Detection: PD Dashboard's Hot Regions panel shows one Region with 10x the write QPS of anything else. tikv_grpc_msg_duration_seconds{type="kv_prewrite"} p99 spikes for that one store.
Fix: change the primary key to BIGINT AUTO_RANDOM. TiDB will allocate IDs with a random shard prefix that spreads inserts across multiple Regions. For tables already in production, add SHARD_ROW_ID_BITS = 4 to distribute writes across 16 Regions. Going forward, watch approximate_keys and approximate_size per Region in PD to catch skew before it becomes a problem.

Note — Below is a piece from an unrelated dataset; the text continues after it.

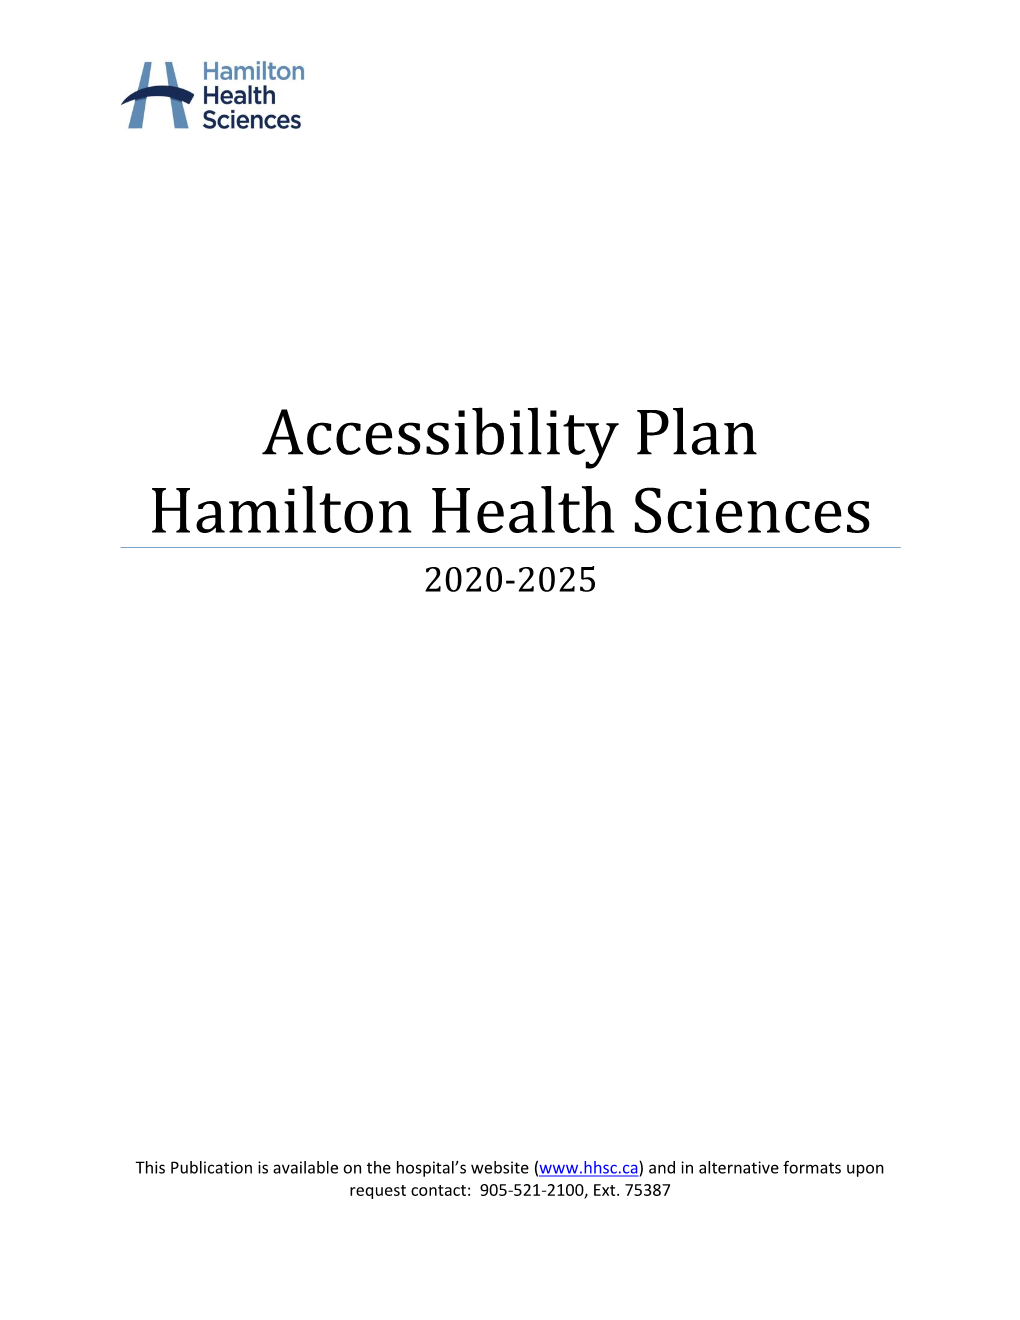 Annual Accessibility Plan for Hamilton Health Sciences

Scenario 2: TiFlash falls behind during a traffic spike. The finance team has a dashboard querying TiFlash for real-time transaction summaries. A marketing campaign launches and OLTP writes triple from 10,000 to 30,000/sec. TiFlash's Raft Learner apply queue backs up because columnar compaction cannot keep pace with the incoming log entries. The tiflash_raft_wait_index_duration metric climbs from 2 seconds to 45 seconds. Now the dashboard shows totals that are 45 seconds stale, and an analyst opens a P1 ticket about "missing transactions."
Detection: alert on tiflash_raft_wait_index_duration over 10 seconds. Track the gap between TiKV's latest applied index and TiFlash's applied index per Region.
Fix: add more TiFlash nodes so each one handles fewer Regions. Bump profiles.default.max_threads to let TiFlash use more CPU for apply and compaction. For more redundancy, increase tiflash_replica_count so the load spreads further. For queries where a few seconds of staleness is fine (most dashboards), set SET TIDB_READ_STALENESS = '-5' to read the nearest available snapshot. That reduces read latency during lag spikes and keeps analysts from panicking.
Pros
- • Speaks the MySQL wire protocol, so most MySQL drivers, ORMs, and tools just work
- • TiFlash columnar replicas let you run analytics without hurting OLTP performance
- • Scales horizontally with automatic Region splitting and rebalancing
- • Strong consistency through Raft consensus on every data Region
- • Open source with a real community and commercial backing from PingCAP
Cons
- • Write latency is higher than single-node MySQL because of Raft consensus round-trips
- • Not every MySQL feature is supported (stored procedures and triggers are limited)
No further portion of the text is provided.